Ao narrar estes fatos lembrando de tudo que aconteceu precisei diminuir o calor do ar-condicionado no mínimo, respirar fundo porque ainda isto mexe muito comigo. Ao falar volto a reviver um pouco de cada momento passado, sinto partes de meu corpo quentes como em um forno. Hoje após dois anos da crise que passei, ainda tenho dificuldades de lembrar situações que ocorreram, mas graças a DEUS, minha família e os tratamentos estou bem. Sem medicamentos, voltei as minhas atividades, me dedicando em estudar a psicanálise e fazendo análise.

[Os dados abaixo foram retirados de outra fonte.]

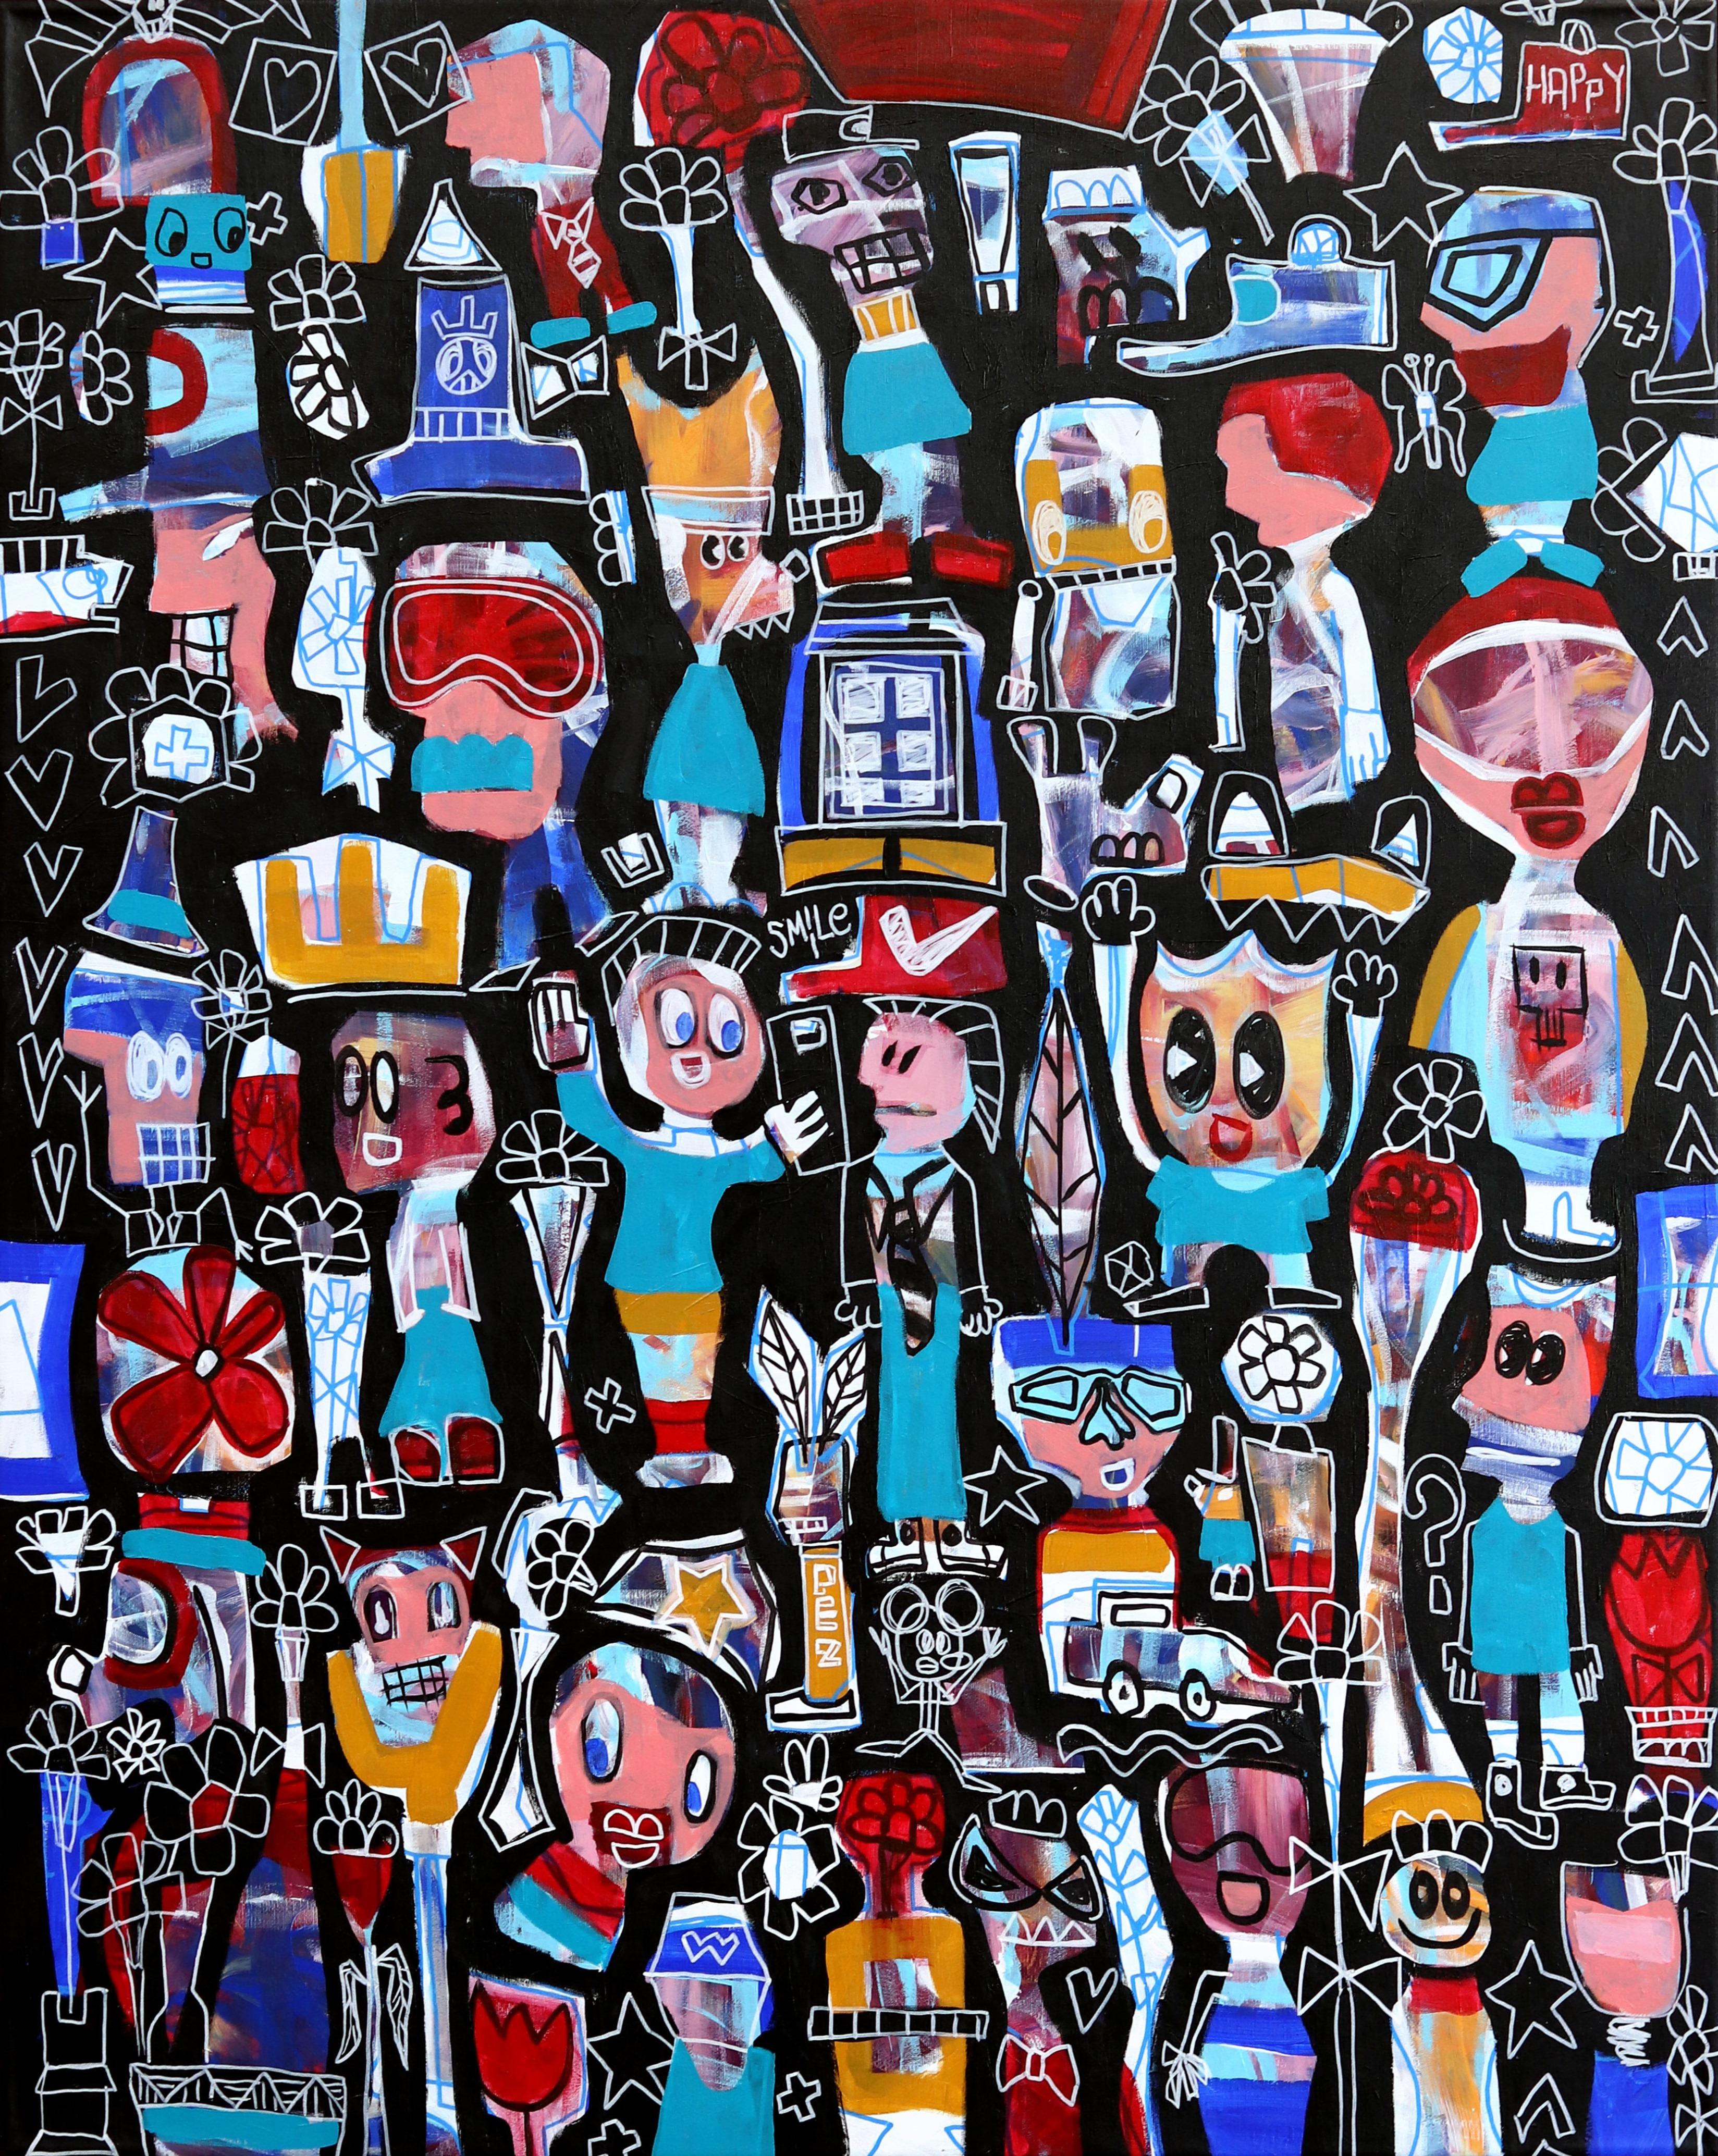 Up Up - Friends and Family Peinture néo-expressionniste grand format sur toile

Segundo reportagem daquele período disponível em https://g1.globo.com/bemestar/noticia/depressao-cresce-no-mundo-segundo-oms-brasil-tem-maior-prevalencia-da-america-latina.ghtml, 5,8% da população sofria com depressão, cerca de 11,5 milhões de pessoas. O Brasil é o que tem o maior índice deste tipo de transtorno da América do Sul e no continente Americano só perde para os Estados Unidos.


O mais interessante, eu tinha total consciência de meus atos. Sabia o que era certo ou errado, que fugir, esperar alguém para me matar, ficar trancado não resolveria o problema, mas o desiquilíbrio emocional é tão forte, a dor é tão grande que não nos permite ouvir nossa razão.


Os sintomas começaram a aparecer muito antes, com as dificuldades apresentadas inicialmente. Só fui buscar ajuda quando estava no ápice da crise. Por isto não deixe o preconceito, o medo, a dúvida te impedir de buscar ajuda. Converse primeiro com quem você confie, se este não souber te compreender procure ajuda médica. Como provo da funcionalidade da psicanálise aconselho também buscar um psicanalista que possa te ajudar. Acredite em Deus e na família. Busque valores que o impeçam de fazer algo que depois não tenha mais tempo de se arrepender.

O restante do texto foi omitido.